Scadoxus longifolius

Scientific classification
- Kingdom: Plantae
- Clade: Tracheophytes
- Clade: Angiosperms
- Clade: Monocots
- Order: Asparagales
- Family: Amaryllidaceae
- Subfamily: Amaryllidoideae
- Genus: Scadoxus
- Species: S. longifolius
- Binomial name: Scadoxus longifolius (De Wild. & T.Durand) Friis & Nordal
- Synonyms: Demeusea longifolia De Wild. & T.Durand ; Haemanthus longifolius (De Wild. & T.Durand) Traub ;

= Scadoxus longifolius =

- Authority: (De Wild. & T.Durand) Friis & Nordal

Species of flowering plant

Scadoxus longifolius is a herbaceous plant from Zaire. It is only known from a single collection, and little information is available about it. It appears to be closely related to Scadoxus cinnabarinus, and Inger Nordal and Thomas Duncan suggested in 1984 that it may not be a distinct species.

==Taxonomy==

The species was first named in 1900 as Demeusea longifolia by Émile De Wildeman & Théophile Durand. In 1952, it was transferred to the genus Haemanthus by Hamilton Traub. Scadoxus had been separated from Haemanthus by Constantine Samuel Rafinesque in 1838, when he moved Haemanthus multiflorus to Scadoxus multiflorus.
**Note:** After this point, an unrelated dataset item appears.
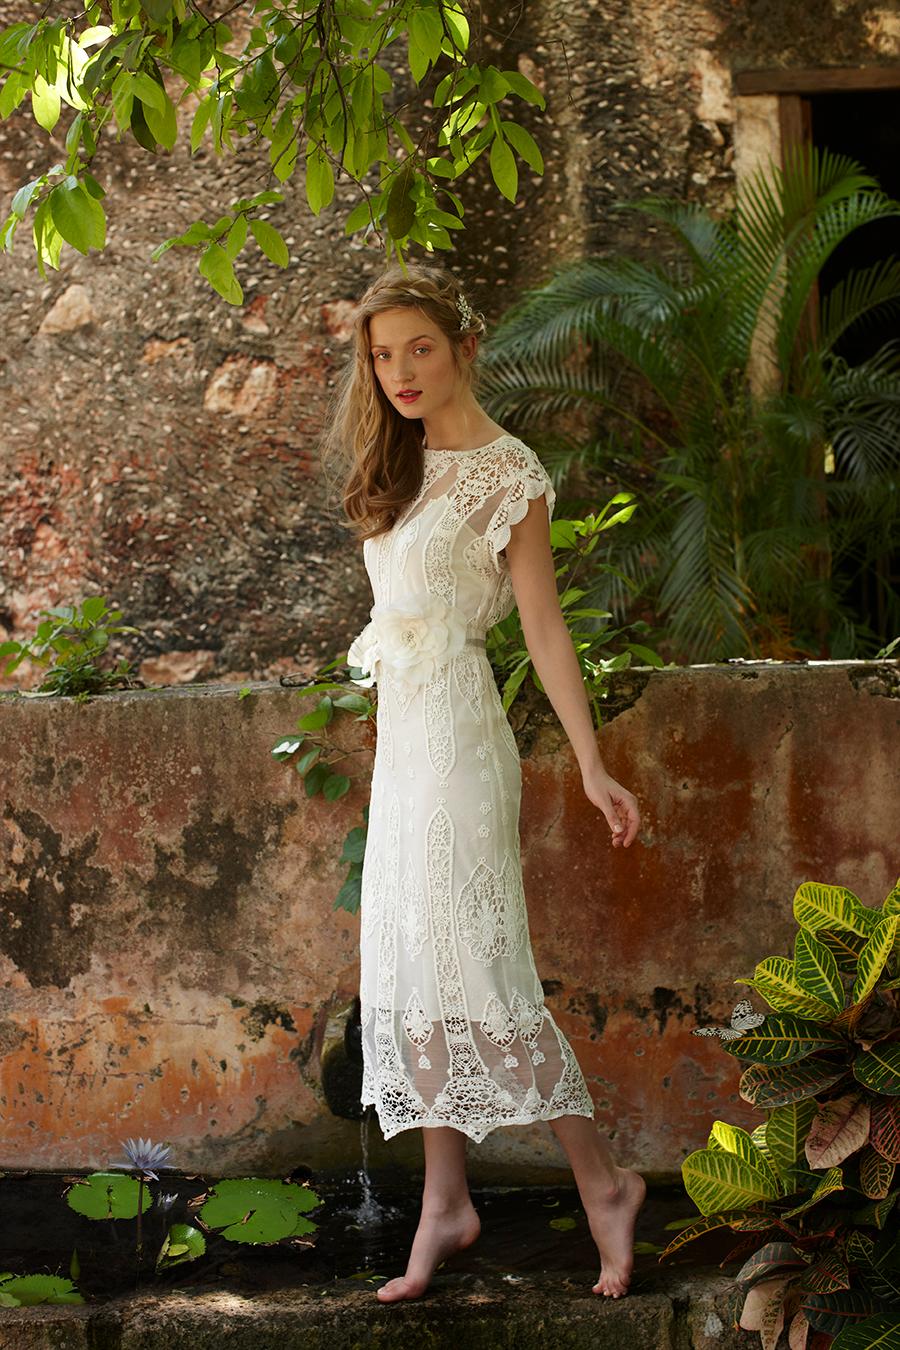 A Tropical Love Affair Bhldn S Summer Wedding Dress Collection Older Bride Wedding Dress Outdoor Wedding Dress Summer Wedding Dress,Chinese Red Dress Wedding

This separation was ignored by most workers until 1976, when Scadoxus was again segregated from Haemanthus by Ib Friis and Inger Nordal. Haemanthus species are southern in distribution, form true bulbs and have 2n = 16 chromosomes, whereas Scadoxus species, such as S. longifolius, are found throughout tropical Africa, do not all form bulbs and have 2n = 18 chromosomes.

Scadoxus longifolius appears to be closely related to Scadoxus cinnabarinus and may not be a distinct species.